Il biodiesel fa parte della classe dei biocarburanti, ovvero tutti quei carburanti derivanti da trattamenti su biomasse. Nello specifico, per la produzione di biodiesel si possono trattare oli vegetali (anche esausti,
come l’olio di frittura), grassi di origine animale, e biomassa cellulosica. Operativamente parlando, oli vegetali e grassi sono perlopiù costituiti da trigliceridi derivanti dall’esterificazione del glicerolo con tre acidi grassi. Per ottenere il biodiesel si può procedere ad una transesterificazione del trigliceride mediante metanolo in presenza di un catalizzatore. Da questa semplice reazione otteniamo in parti eguali glicerolo e biodiesel. Il fatto interessante è che il glicerolo ottenuto, pur non essendo di qualità eccelsa risulta tutt’altro che uno scarto, esso infatti ha applicazioni in vari settori industriali: dalla cosmetica al cibo, dall’industria farmaceutica alla diagnostica.
È perciò un co-prodotto di buon valore e non uno scarto nel senso letterale del termine. Parlando del biodiesel invece, impiegato come carburante è apprezzabile principalmente perché non contribuisce all’effetto serra e non contiene benzene et similar oppure zolfo, dunque non è né cancerogeno né tossico. Dal punto di vista motoristico invece, ha un buon potere detergente e lubrificante sugli organi meccanici e non dà luogo ad autoaccensione, seppur contenga una maggior quantità di cetano rispetto al diesel, il che si riflette però in una maggior incendiabilità a fronte dell’iniezione nel motore a combustione interna.
Purtroppo, rispetto al diesel da fonti non rinnovabili, ha anche qualche difetto, ovvero: a causa del minor potere calorifero dà una perdita di potenza al motore del 7%, nei veicoli di fabbricazione non recente (inteoria <1992) crea problemi di vario genere agli organi in gomma, deteriorandoli. Ovviamente poi vi sono tutte le note conseguenze derivanti dall’utilizzo intensivo di biomasse, che si ripercuotono sull’ecosistema – in particolare sulla biodiversità- e sul mercato delle materie prime nel Terzo Mondo. Come il diesel invece, produce particolato atmosferico una volta combusto. Da verificare se quest’ultima questione è risolvibile mediante sistemi già esistenti ed attualmente impiegati sui moderni motori diesel. Da verificare anche il suo utilizzo non in miscela con diesel normale, nei motori delle autovetture attuali.

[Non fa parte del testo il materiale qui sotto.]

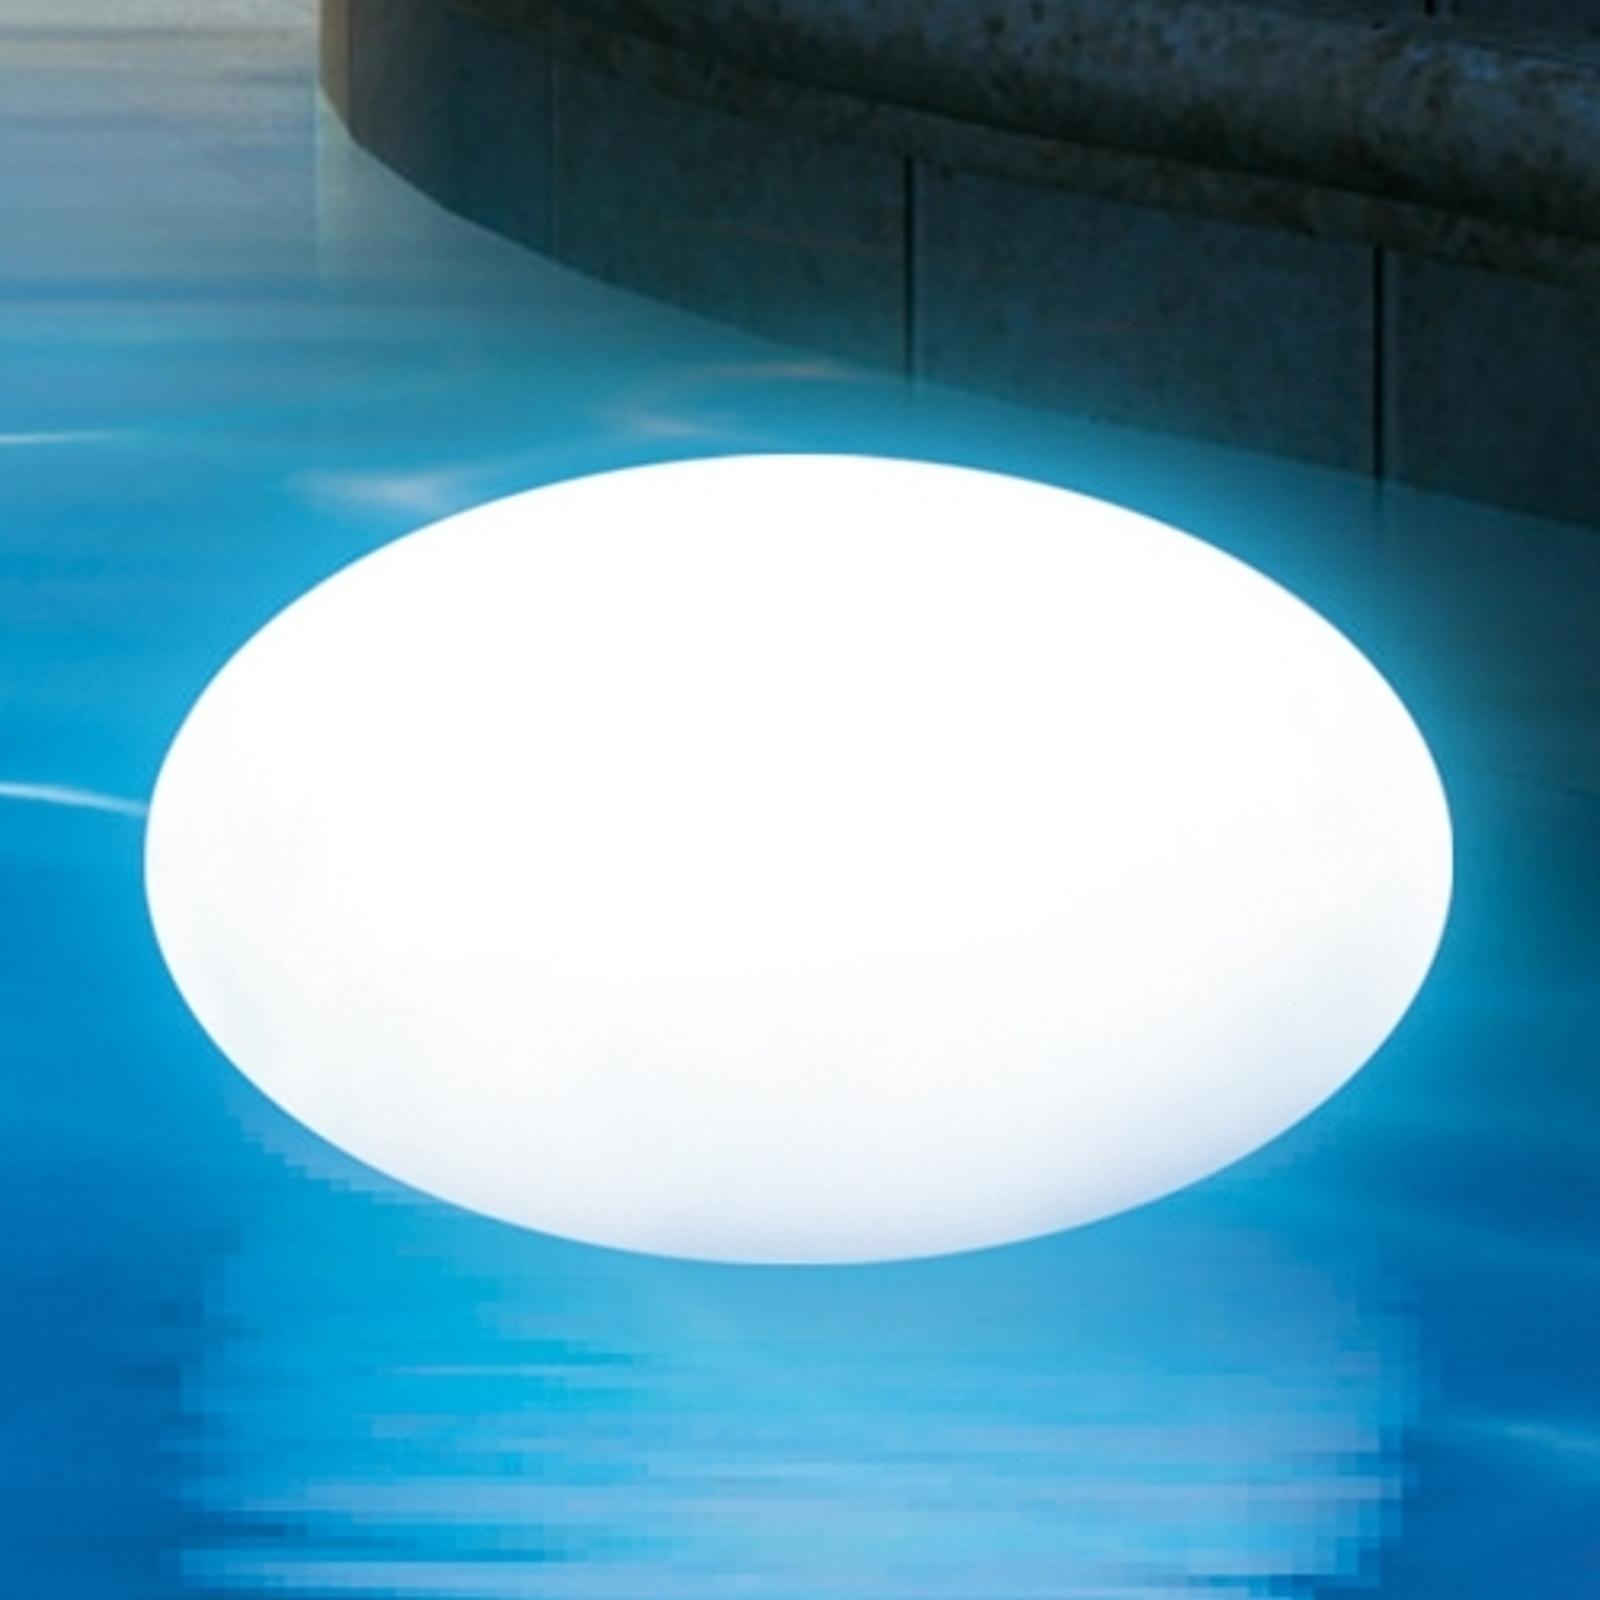 Munavalaisin RGB-LED-valoilla upeaan valaisemiseen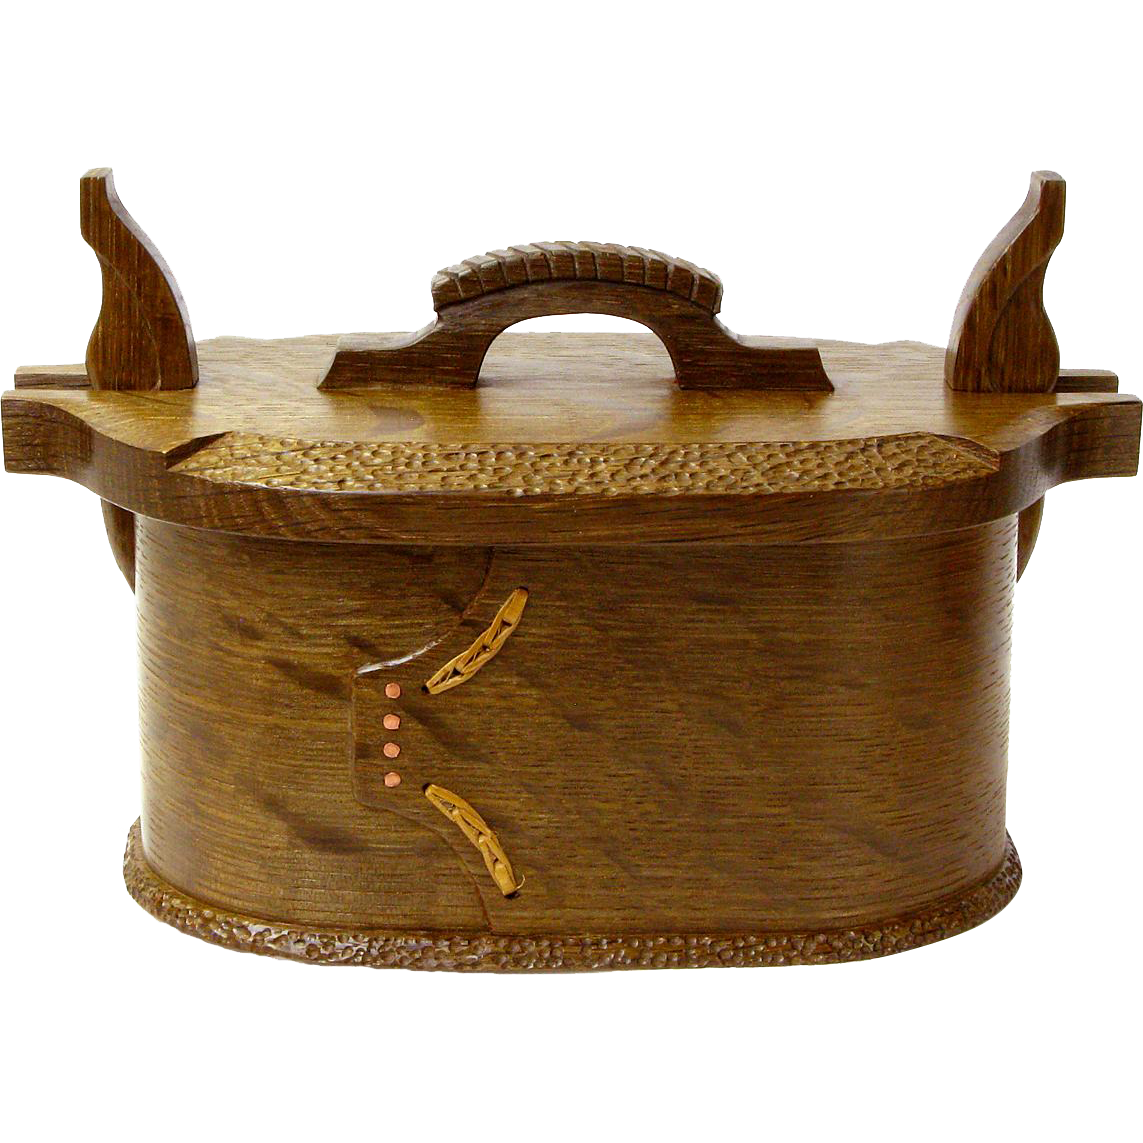 Norwegian Style Artisan Crafted White Oak Bent Wood Box, Tine, Norwegian Lunch Box

Vi sono infatti ancora pochi studi in merito, seppur il parere degli ingegneri sia ottimista sulle possibili
conseguenze, visto che Il BD 100% risulta già in uso nell’autotrazione pesante, con Scania che ad esempio, già dal 2013 commercializza motori del genere con risultati ottimi. In conclusione dunque, possiamo dire che sí, siamo di fronte ad una ottima alternativa al diesel, tuttavia questa necessiterebbe ancora di adattamenti commerciali, produttivi e applicativi, perché possa essere utilizzata a pieno regime come sostituto nelle applicazioni tecniche necessarie. In proposito, c’è grande fermento nel mondo dell’ingegneria chimica e della chimica industriale, per studi come quello che Eni sta portando avanti cercando di produrre biodiesel migliore dall’alga Chrysochromulina tobin. l biodiesel per le automobili, al momento è comunque utilizzato in miscela con il diesel, ed è identificabile tramite la sigla “BD”, di norma accompagnata da un numero che ne definisce la percentuale presente sul totale (es.BD20).